After two years of horrific fighting that has cost thousands of lives and left millions in need of aid in Africa’s second-most populous nation, the warring parties in Ethiopia declared on Wednesday that they have reached an agreement to put down their weapons.
After a little over a week of talks in South Africa, headed by the African Union, Prime Minister Abiy Ahmed‘s administration and Tigrayan rebels announced a surprising agreement that was applauded by the US, the UN, and others.
“We have agreed to permanently silence the guns and end the two years of conflict in northern Ethiopia,” the government and Tigray People’s Liberation Front (TPLF) said in a joint statement after marathon talks.
Nearly two years to the day after the war broke out in November 2020, Olusegun Obasanjo, the mediator for the African Union, proclaimed the breakthrough.
“Today is the beginning of a new dawn for Ethiopia, for the Horn of Africa and indeed for Africa as a whole,” he said.
“The two parties in the Ethiopian conflict have formally agreed to the cessation of hostilities as well as the systematic, orderly, smooth and coordinated disarmament,” Obasanjo said at a briefing in Pretoria.

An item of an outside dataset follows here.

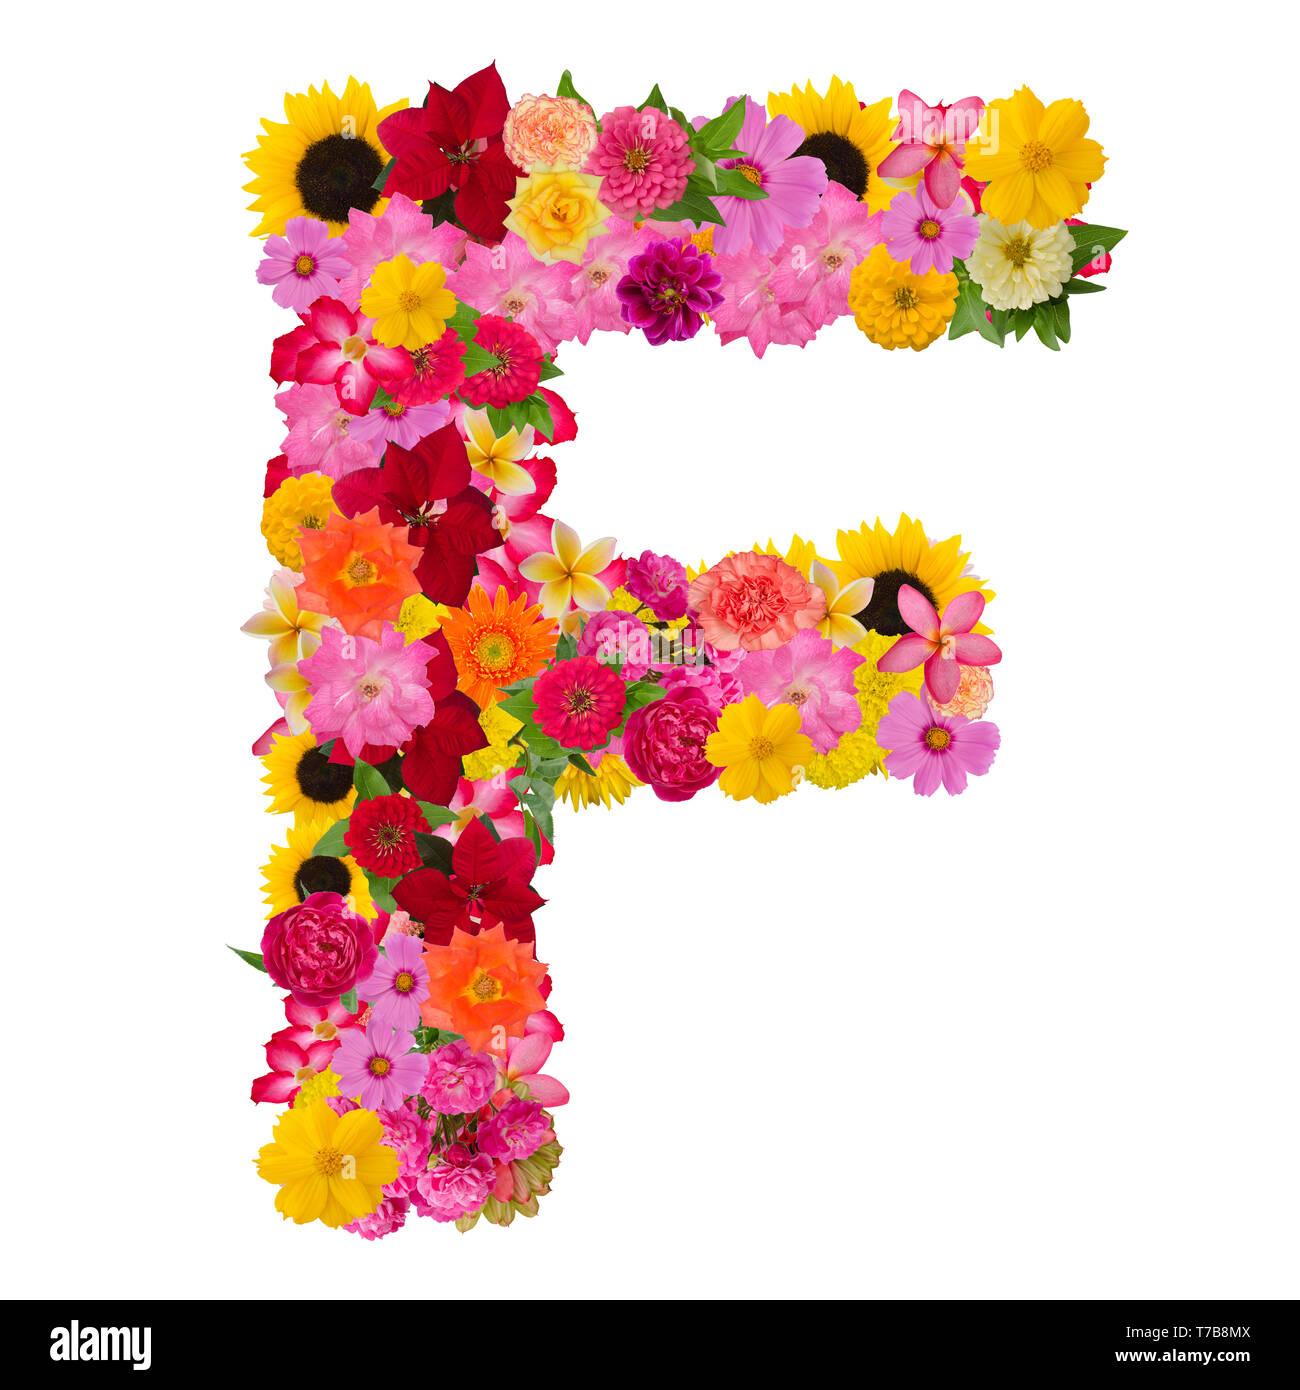 Fiori Con La F.Lettera F Alfabeto Con Fiore Abc Tipo Di Concetto Come Isolato Del

They also agreed on a “restoration of law and order, restoration of services, unhindered access to humanitarian supplies, protection of civilians… among other areas of agreement”, he added. The deal’s monitoring to assure implementation was not immediately obvious, and Obasanjo made no mention of international or rebel calls for Eritrea’s feared army to leave the front lines.
‘Welcome first step’
Diplomatic efforts to bring Abiy’s administration and the TPLF to the bargaining table had taken on additional urgency when fighting resumed in late August, scuttling a five-month cease-fire that had permitted some relief into war-torn Tigray.
The discussions began last week on Tuesday and were set to go through Sunday, but they were extended.
They were the first formal talks between the two parties since the conflict’s inception, which raised questions about Ethiopia’s stability and the unstable Horn of Africa.
According to his spokesman Stephane Dujarric, UN Secretary-General Antonio Guterres praised Obasanjo’s announcement as “a welcome first step” that could “bring some solace” to millions of suffering civilians.
The United States also described it as an “important step towards peace”, with State Department spokesman Ned Price hoping it would lead to a “durable cessation of hostilities to set the stage for an end to human rights abuses and atrocities”.
The delegates in Pretoria emphasized that all parties must now uphold the deal, and Abiy himself expressed a “strong” commitment to seeing that it is carried out.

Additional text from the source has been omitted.